Gravidade
Este artigo pode conter informação que, não sendo spoiler explícito, pode antecipar acontecimentos para quem não viu o filme. Abrindo aqui uma excepção nesse capítulo, considerei serem factos essenciais para a escrita deste artigo. Tendo isso em conta só agora foi publicado, uma vez que grande parte do público poderá ter visto o filme e assim comparar a esta perspectiva com a sua, tornando a leitura deste artigo possivelmente mais interessante.
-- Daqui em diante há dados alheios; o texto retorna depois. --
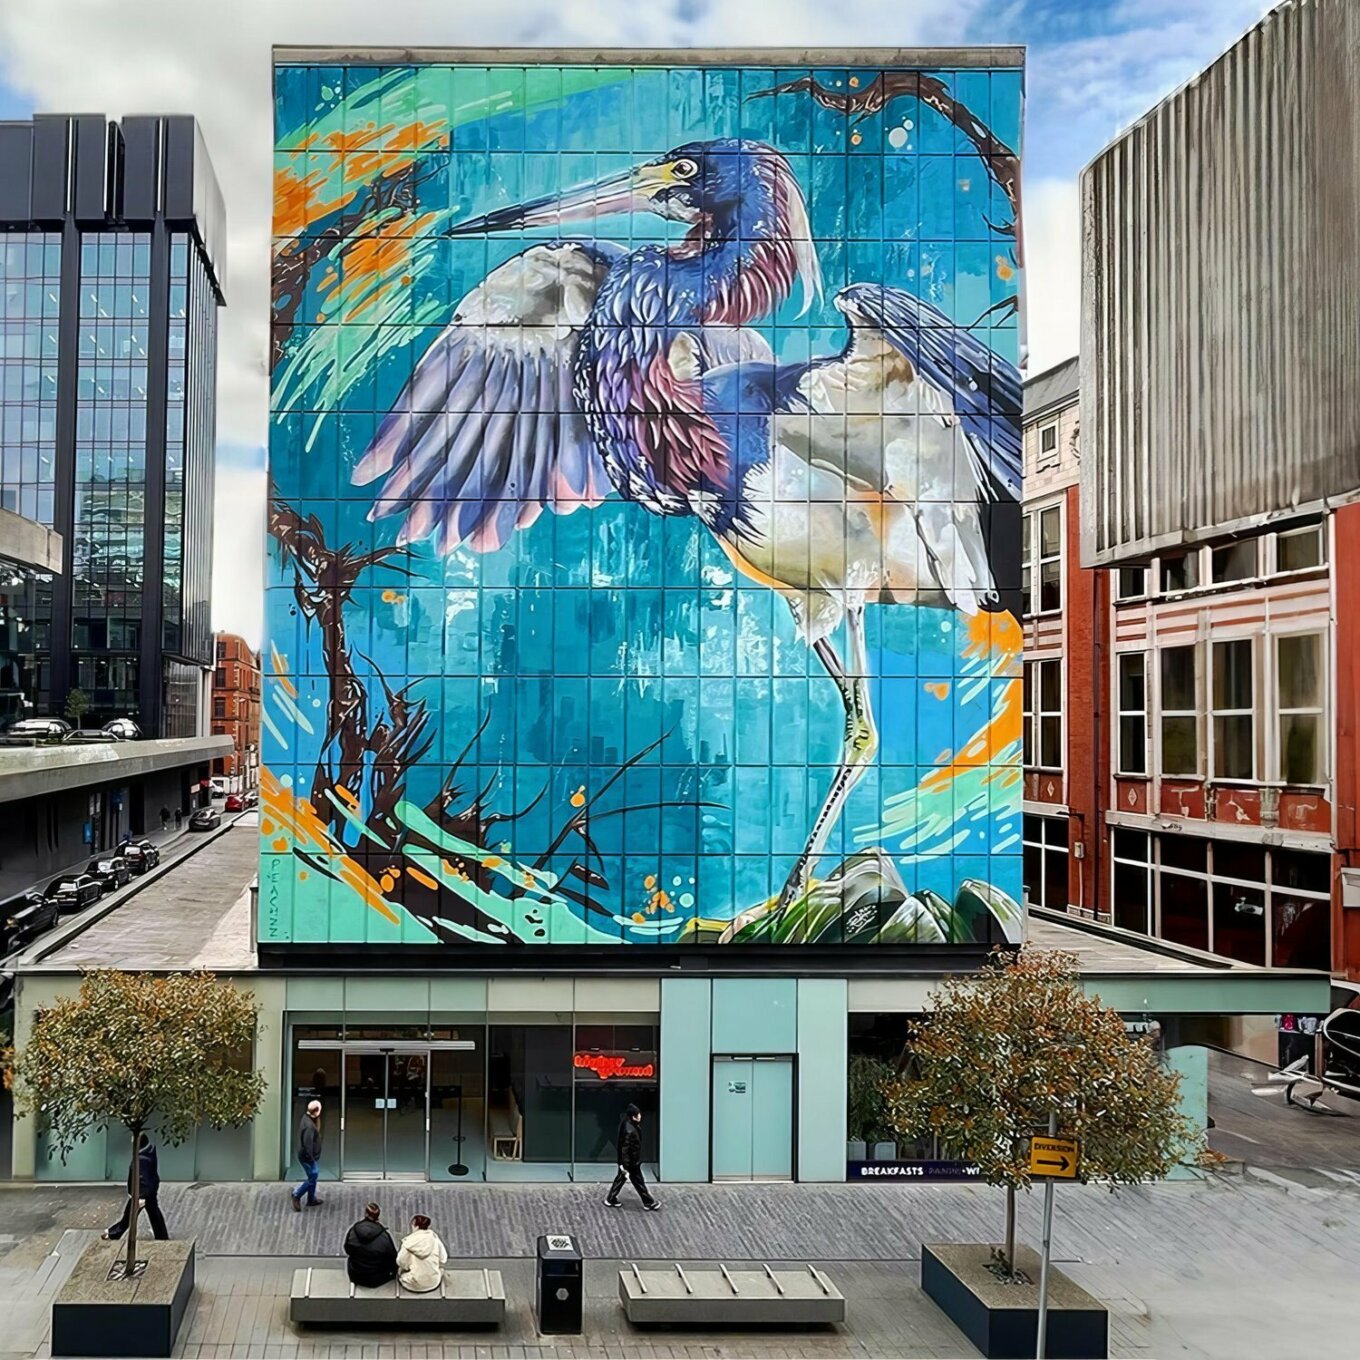 On a large city wall, there's a painting of a heron against a background of blues and greens.

Realizado por Alfonso Cuarón, Gravidade é um filme sobre o princípio e o fim da vida humana. Em 91 minutos, temas existênciais da condição humana, como a mortalidade intrínseca, são abordados em contexto espacial. Ryan Stone (Sandra Bullock), uma engenheira que está a criar um protótipo para ser usado em contexto hospitalar e uma novata em termos de missões espaciais, acompanha Matt Kowalski (George Clooney), astronauta em fim de carreira que embarca na sua última missão para reparar o telescópio Hubble antes de se reformar. Tudo muda quando a Rússia lança um míssil para destruir um satélite seu, causando uma reacção em cadeia: pedaços colidem com outros satélites, multiplicando o número de partes metálicas em órbita e em rota de colisão com os astronautas e a sua nave (não fosse a Rússia o eterno inimigo dos E.U.A., são aqui novamente o bode expiatório). Teorias da conspiração à parte, a acumulação de lixo espacial está a tornar-se um verdadeiro problema para as missões espaciais e a crítica subjacente é mais do que pertinente.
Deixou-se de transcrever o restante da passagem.